(Directions) Each entry is to be retyped exactly as it appears, and each image is to be dropped.

[Collection entries]
******
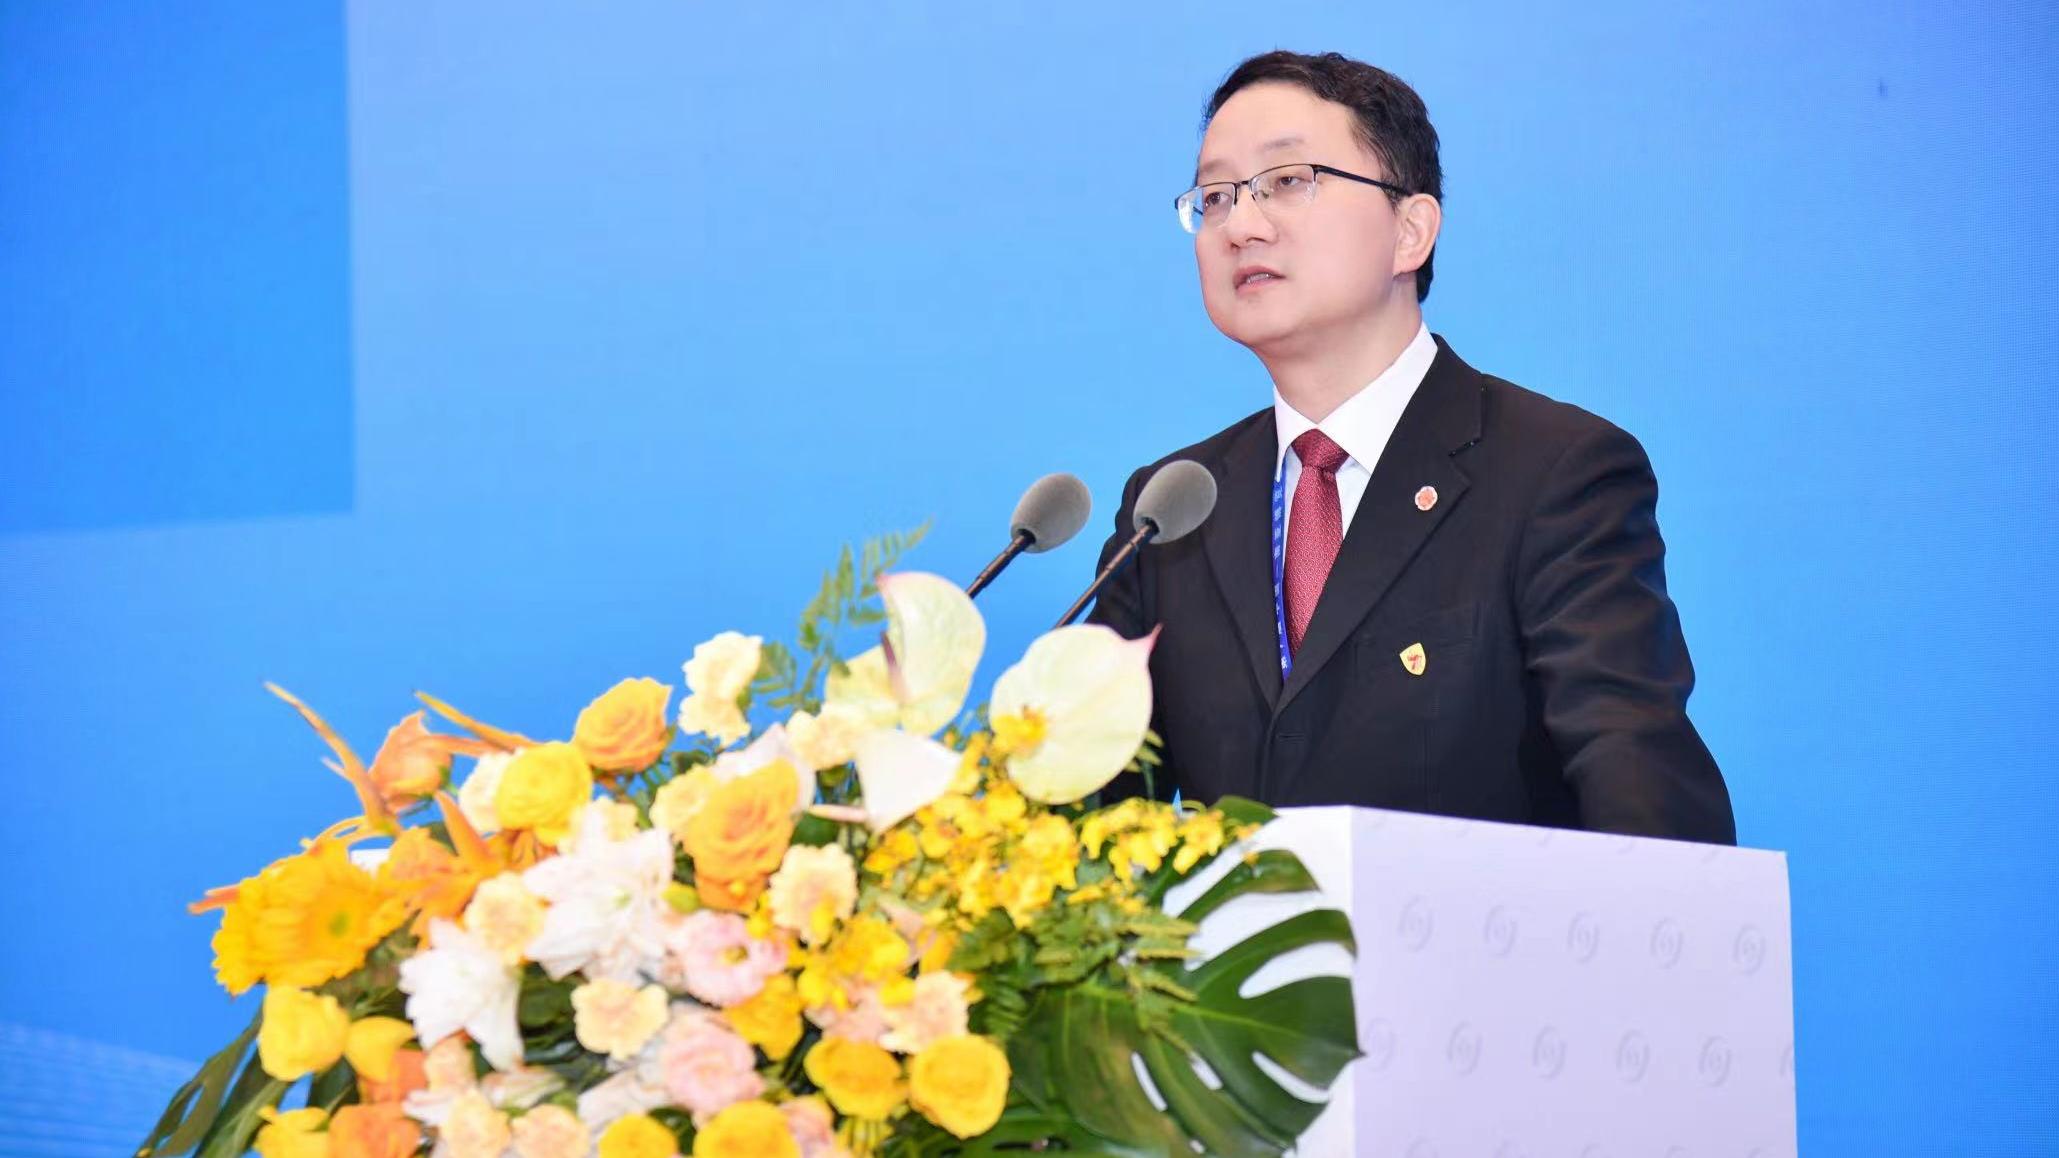 劉勁松司長在中國—南亞合作論壇上講了5個小故事
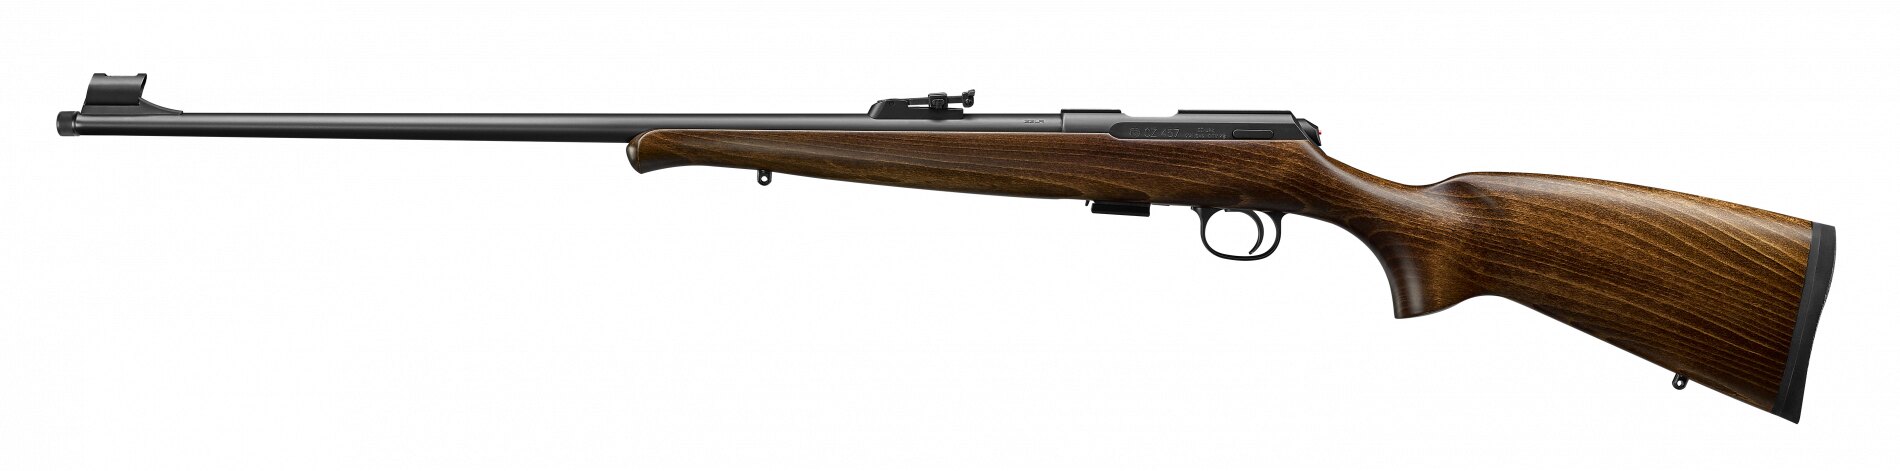 Levně Malorážka CZ 457 Training Rifle / ráže .22 LR CZUB® – Hnědá
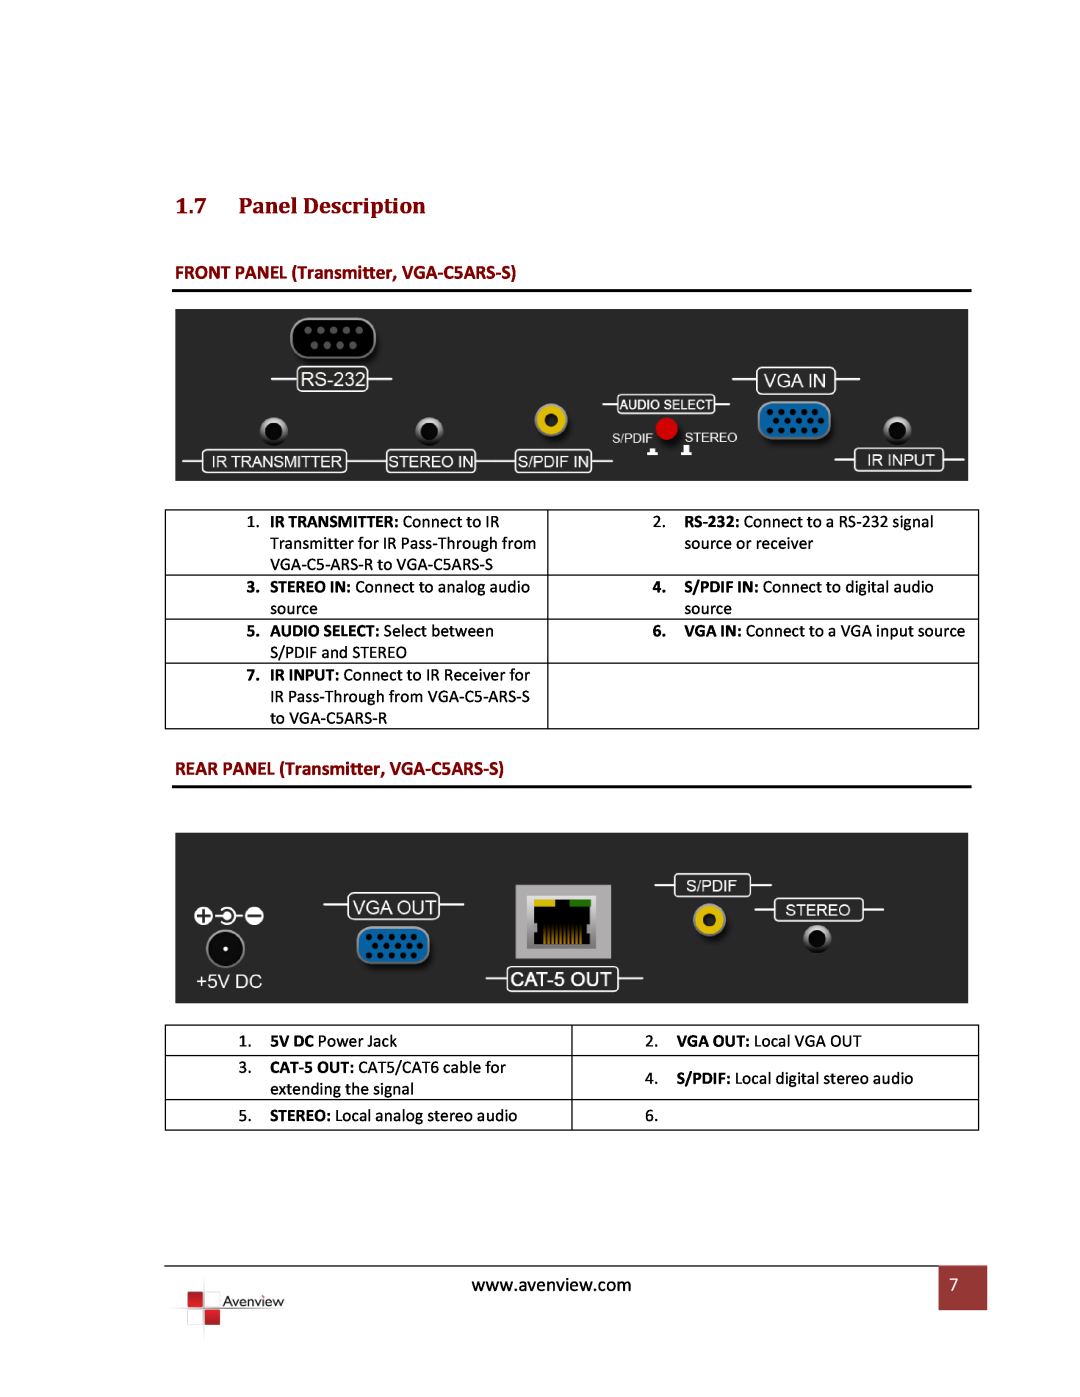 Avenview VR 2000 1.7Panel Description, FRONT PANEL Transmitter, VGA-C5ARS-S, REAR PANEL Transmitter, VGA-C5ARS-S 
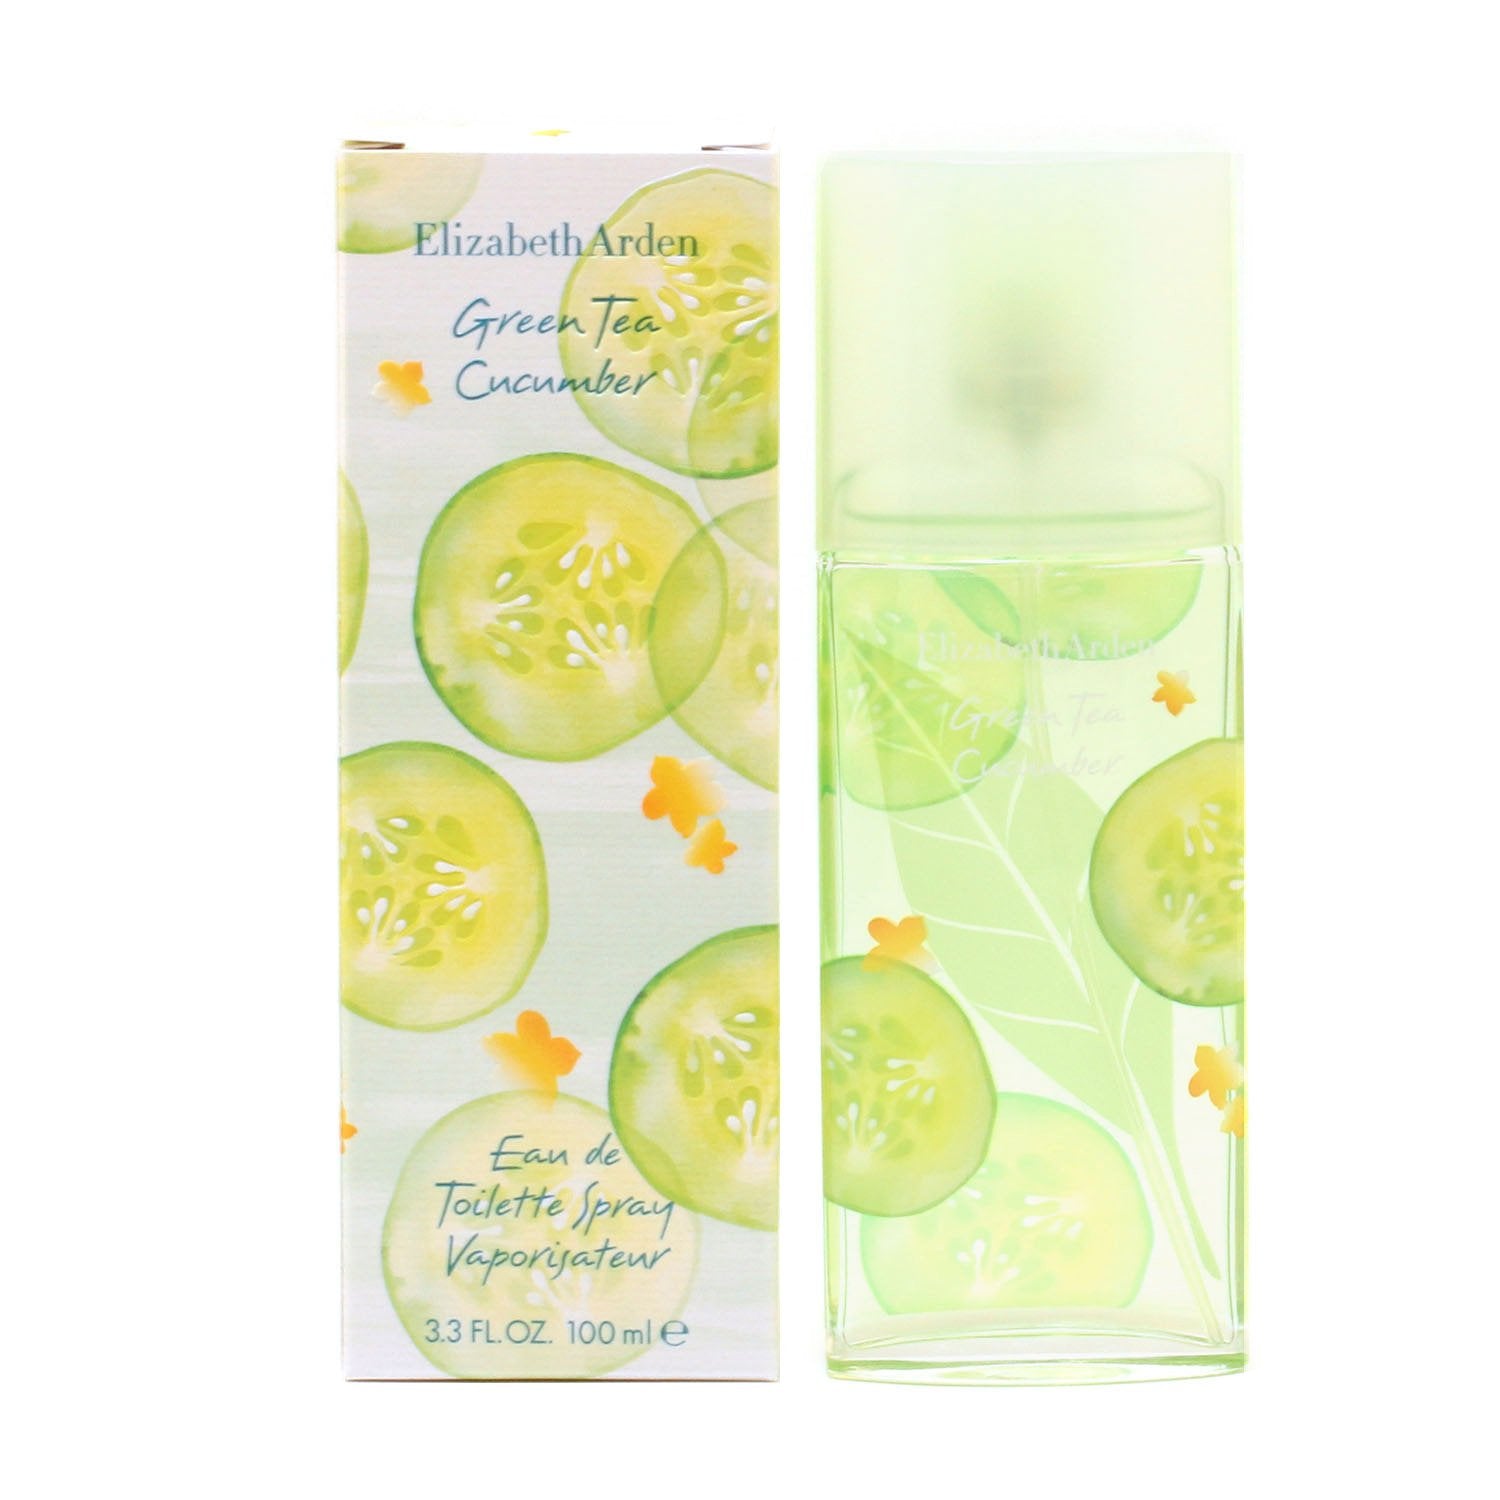 Perfume - GREEN TEA CUCUMBER FOR WOMEN BY ELIZABETH ARDEN - EAU DE TOILETTE SPRAY, 3.3 OZ
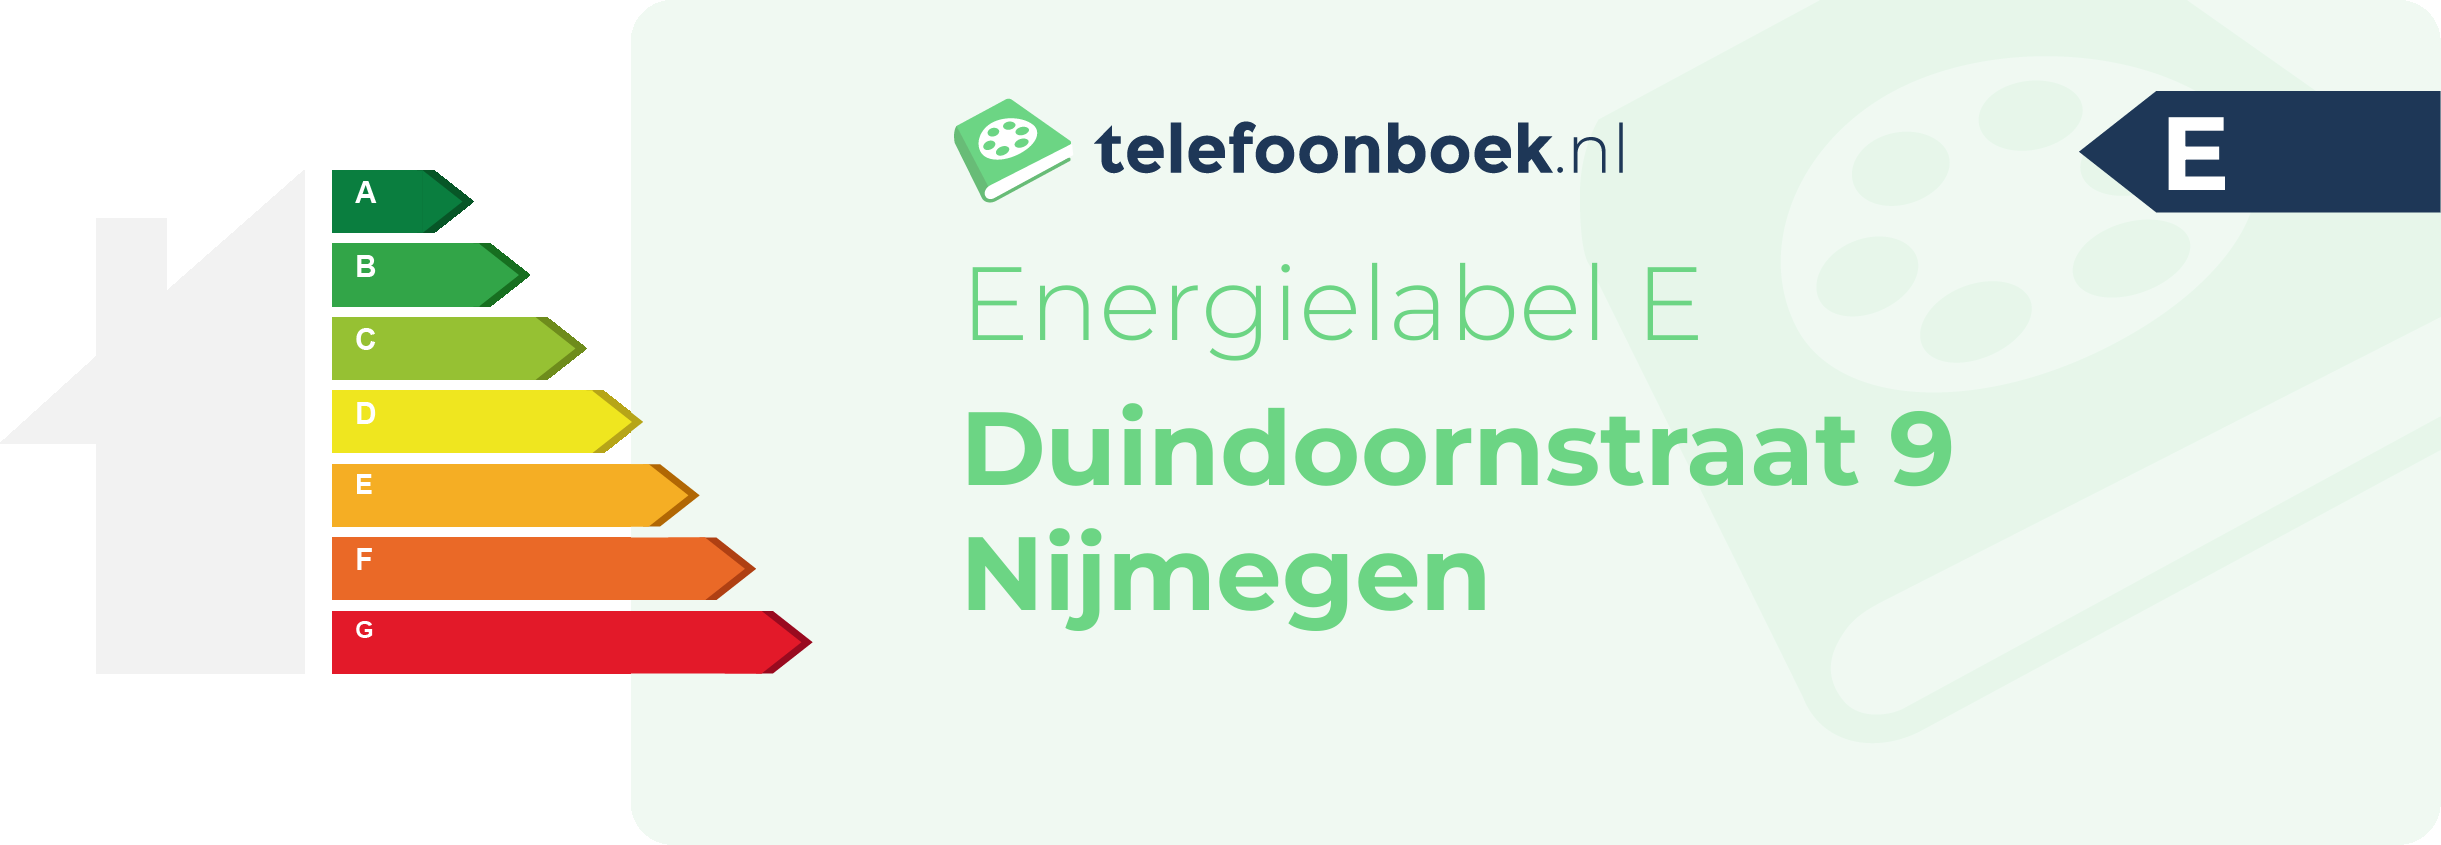 Energielabel Duindoornstraat 9 Nijmegen
******
(Task answer)
 劉勁松司長在中國—南亞合作論壇上講了5個小故事
 Levně Malorážka CZ 457 Training Rifle / ráže .22 LR CZUB® – Hnědá
 Avenview VR 2000 1.7Panel Description, FRONT PANEL Transmitter, VGA-C5ARS-S, REAR PANEL Transmitter, VGA-C5ARS-S 
 Perfume - GREEN TEA CUCUMBER FOR WOMEN BY ELIZABETH ARDEN - EAU DE TOILETTE SPRAY, 3.3 OZ
 Energielabel Duindoornstraat 9 Nijmegen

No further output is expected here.